I think the blog post should point out very early that Onehouse is a Hudi company. There are some other recent benchmarks published in CIDR by Databricks that might paint a different picture: https://petereliaskraft.net/res/cidr_lakehouse.pdf
Thanks for the link. I'd be interested to see a perf comparison using a popular processing engine other than spark given the obvious potential for delta lake to be better tuned for spark workloads by default.
In Databricks published benchmark of course Delta is the fastest. I have also seen some Iceberg using company publishing benchmarks showing how Iceberg is the fastest.
I think vendor published benchmarks are fine if the dataset is open / accessible, the benchmark code is published, all software versions are disclosed, and the exact hardware is specified. I definitely wouldn't consider an audited TPC benchmark that's based on industry standard datasets / queries worthless in the data space. Disclosure: I work for Databricks.
It looks like the benchmarks used the latest versions of Delta and Iceberg, but chose a version of Hudi that is over 6 months old. Hudi v0.12.2 is more advanced than v0.12.0 which the benchmark did not consider. As the Databricks CIDR paper states, and as mentioned in the Onehouse article, Hudi by default is optimized for UPSERTs vs INSERTs and is a 1-line config change that is appropriate for a true apples-apples comparison. See both: https://www.onehouse.ai/blog/apache-hudi-vs-delta-lake-trans... and https://github.com/brooklyn-data/delta/pull/2
Hah, I could tell because in the "feature matrix" the Hudi column was mostly green compared to the others. Immediately made me suspicious so I looked it up and sure enough, not exactly an unbiased source.

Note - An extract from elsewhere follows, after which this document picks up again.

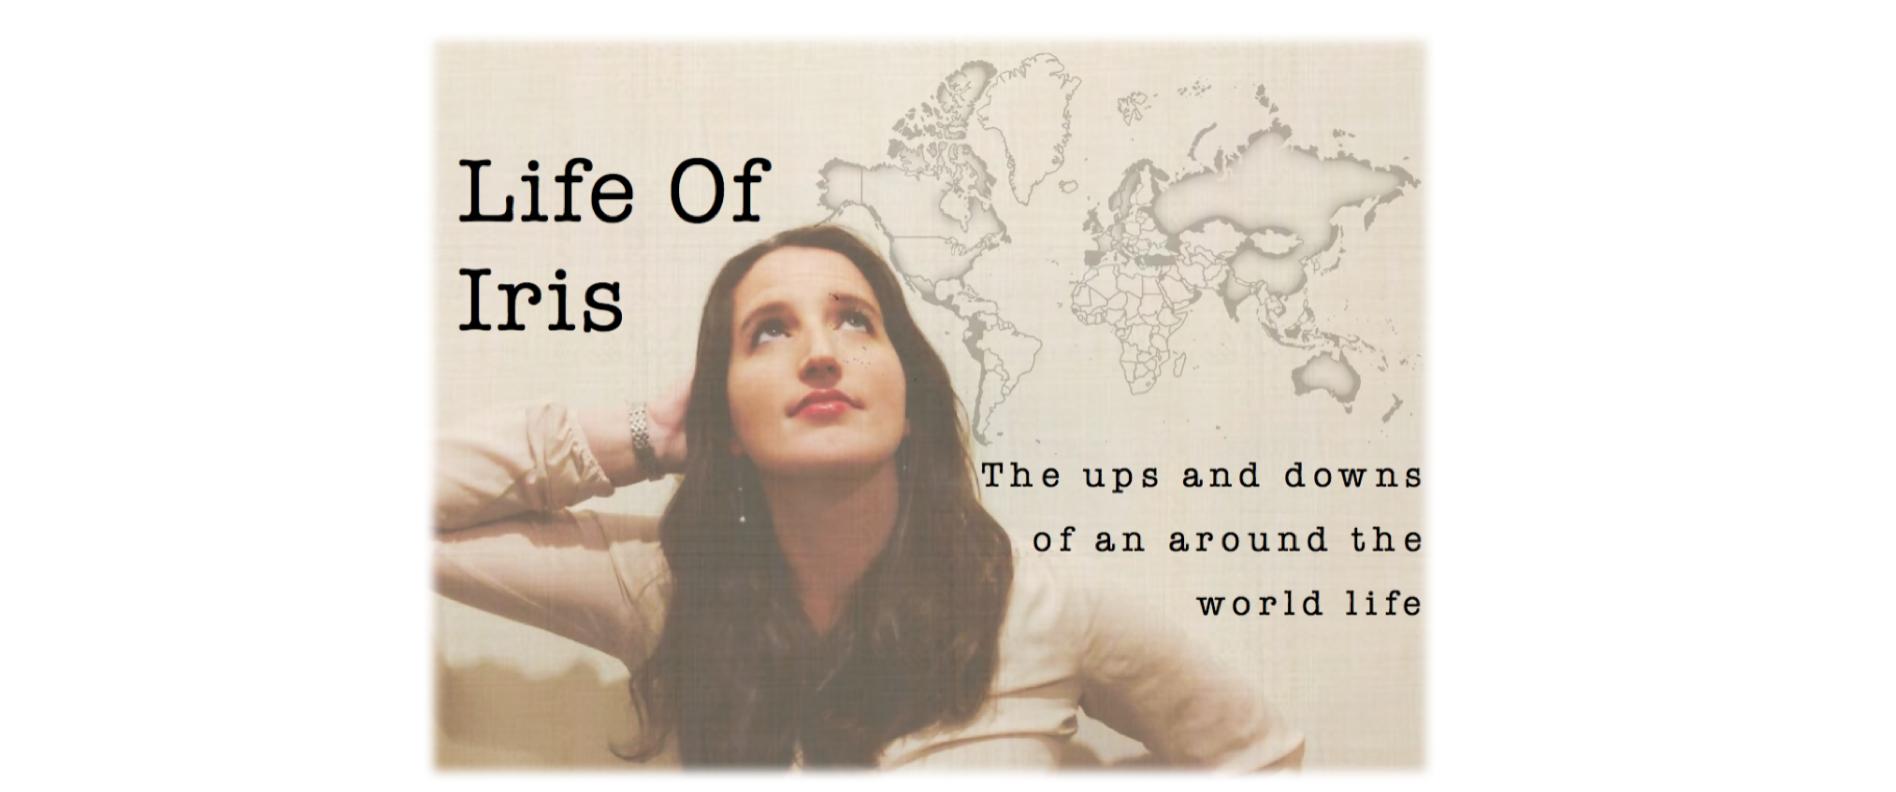 Life Of Iris

Feature matrices are extremely easy to game depending on your choice of rows.
I recently evaluated these frameworks and went through all these links they have for each of those rows, on the first publish few months ago. FWIW I did not find any inaccuracies or wrong pointers.
it's funny how, on one hand you argue for objectivity but fundamentally distrust/write off a chance that someone could have created a hackernews account today and comment here - without a shred of evidence. May be now I am getting trained on the HN ways.